Recently, I read the XtraDB part of Percona Server document roughly, in this process, I realized my huge lack of basic database knowledge, so it’s inevitable to spend a lot of time on clarifying many concepts which have been mentioned several times in the doc.
In the meanwhile, I found out that there’s so much incorrect and ambiguous information on the internet, for the greater good, it could be great if I organize these all materials and post them on this blog. This article contain a few MySQL only usage, but it’s won’t cut down the readability for the reader who is not familiar with MySQL (perhaps…).
Why use English? Due to most of the info I collect are written in English and I don’t have enough time to translate them. But don’t worry, I’ll post a Chinese version someday.
As data growth, the performance of database server will become worse gradually. When there are only hundreds of rows in a table, we basically don’t need to care about the quality of query statements, but once a query involves hundred of thousand of rows, that could be an issue.
To ease this problem, MySQL 5.7 provides the
MAX_EXECUTE_TIME feature to avoid your query sucks. (more)
But what if we have hundred of millions of data in the server? That won’t be that simple. Fortunately, developers have multiple ways to deal with performance problems.
Partition is the way to split the data of a table into multiple tables by rows or columns, according to different divides, it can be classified into Horizontal Partition and Vertical Partition.
(MySQL 5.7 does not support it)
Obviously, Partition can reduce the effort of querying the tables with fewer indexes and the amounts of data, but the shortcomings are also evident:
- Developers need to spend more resources to maintain the data.
- The capability of execution is the bottleneck because there’s still one server deals with all commands.
- Almost zero benefit for operations of whole table select, insert, update and delete.
A database shard is a horizontal partition of data in a database.
– Wikipedia, “Shard (database architecture)“
Sharding is a type of horizontal partition, the rows in a table will be separated into multiple tables, and the most important is, these tables will be stored on the different servers. So it’s possible that the system needs to get
order data of
Some articles say that Sharding is Horizontal Partition and Horizontal Partition is Sharding, but it’s not perfectly true because the Horizontal Partition describes the data in a large table is divided by rows and stored in the multiple relative small tables whether in the same or different server(s).
Like the cons of Partition, although Sharding solves the bottleneck of execution capability through multiple machines collaboration, it leads to the data scattered in the different tables of various database servers, so it’s still a pain in the ass to maintain these shards.
Database Replication is a mechanism of automatically copying the data from a database to another one. With database Replication, it’s much easier to have multiple database servers provide service to meet the increasing demands.
There are two roles in the database Replication:
- Master Server is available to handle both read and write (CRUD) operations, and the data in master will replicate to slave(s).

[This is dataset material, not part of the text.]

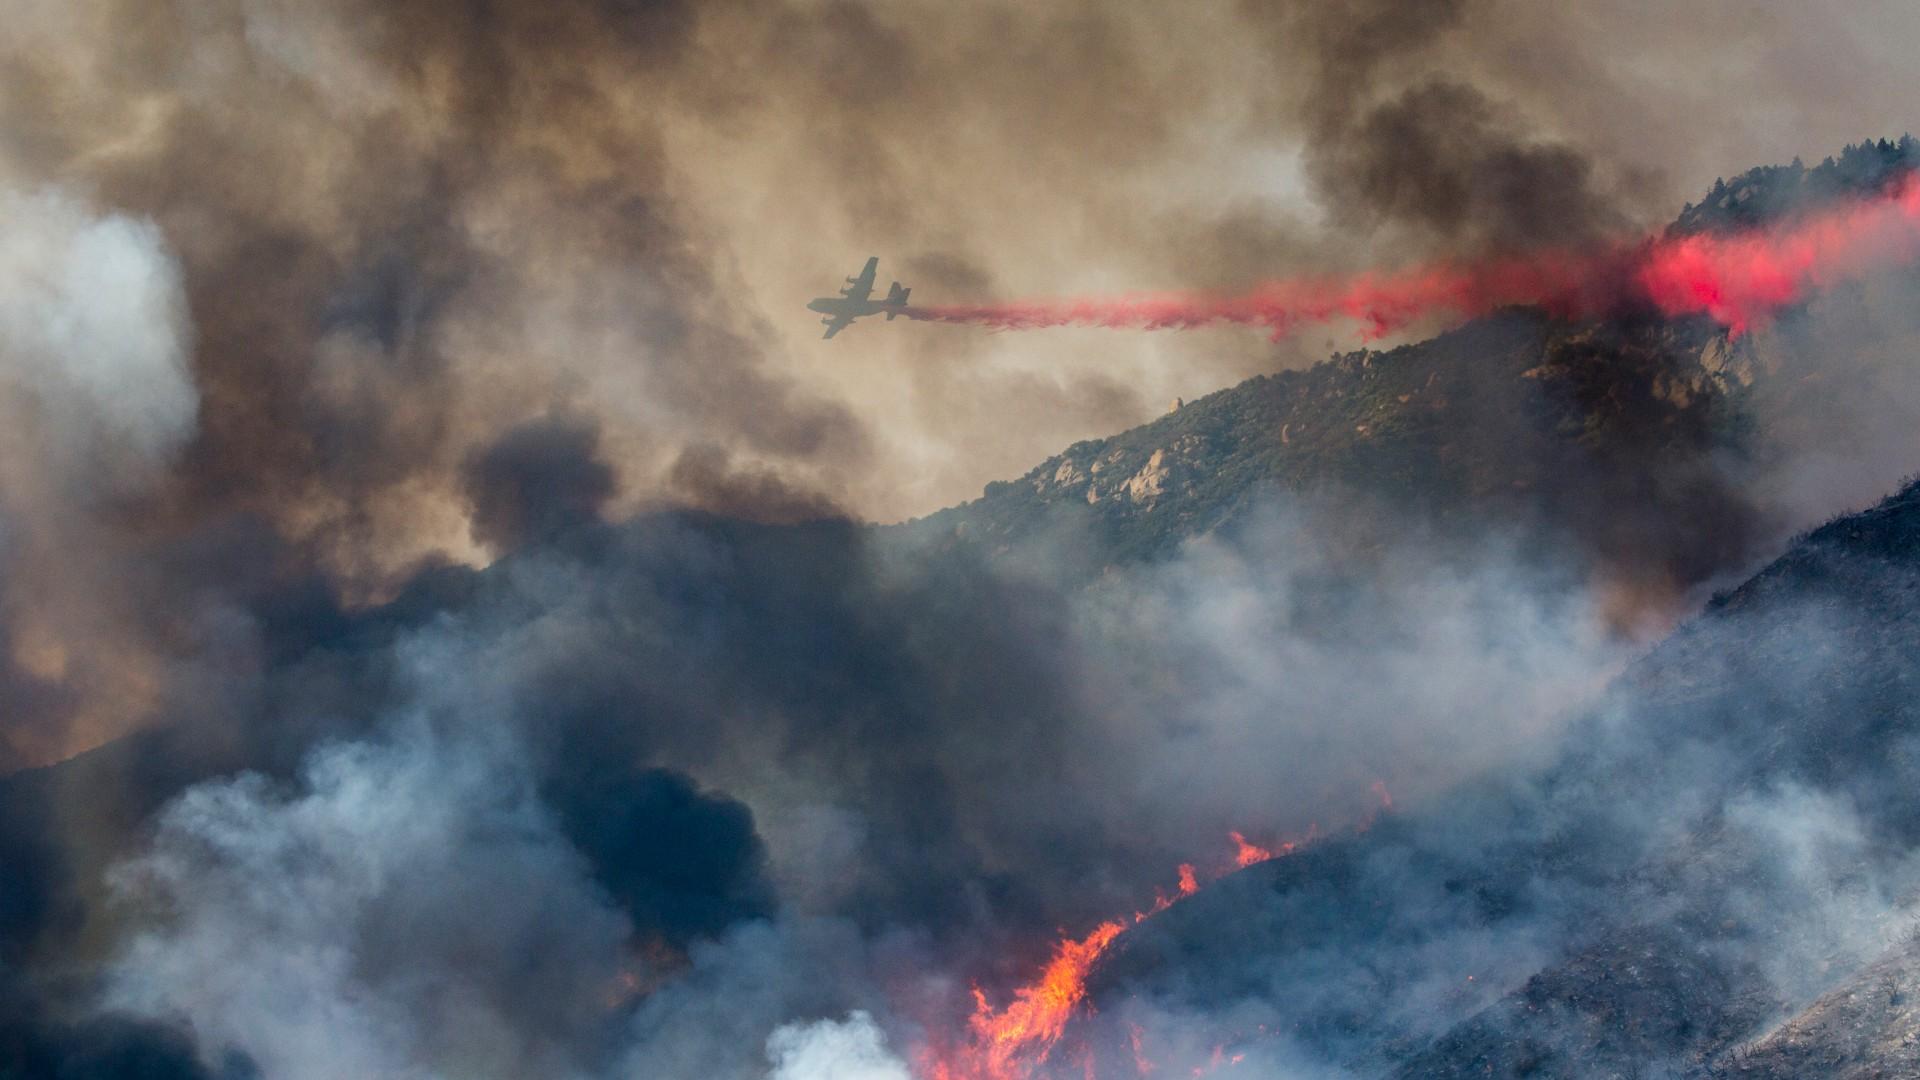 In this Saturday, Sept. 5, 2020 file photo, an air tanker drops fire retardant on a hillside wildfire in Yucaipa, Calif. (AP Photo/Ringo H.W. Chiu)

- Slave Server can only read the data from its disk.
Since the data in Slave Server is synchronized from Master Server, it could cause some serious consistency problems. When the data updated in Master Server and the replication hasn’t performed or is performing, the user may get old data from Slave Server.
Here come some common relationships for database Replication.
ex. Multi-Source Replication
- Check this if you’re curious how does MySQL replication work.
Clustering means many database servers (usually named nodes) operating in a group, there are multiple ways to do this.
The most common scenario is, several nodes access the same centralized shared disk, most of nodes used for reads and only one for write (CRUD) operations.
This method provides a better performance of reading data, in additional, once a failure rises in a node, another node will take over the task (this feature is named failover).
But it also has obvious Achilles’ heel, limited scalability, first, there’s only one DB node takes charge of CRUD operations; second, the read limitations are particularly evident when an application requires complex joins or contains non-optimized SQL statements.
Advanced clustering techniques rely on real-time memory replication between nodes, keeping the memory image of nodes in the cluster up to date via a real-time messaging system.
Every node is available to operate both reading and writing, but it’s limited by the amount of traffic between nodes (usually using the typical network or other high-speed communication mechanisms). When the nodes are added to the cluster, the communication and memory replication overhead increases geometrically. Since the severe scalability limitation, it’s often with a relatively fewer number of nodes.
This solution also suffers from the same shared disk limitations of a traditional cluster, given that a growing, single large database has increasingly intensive disk I/O.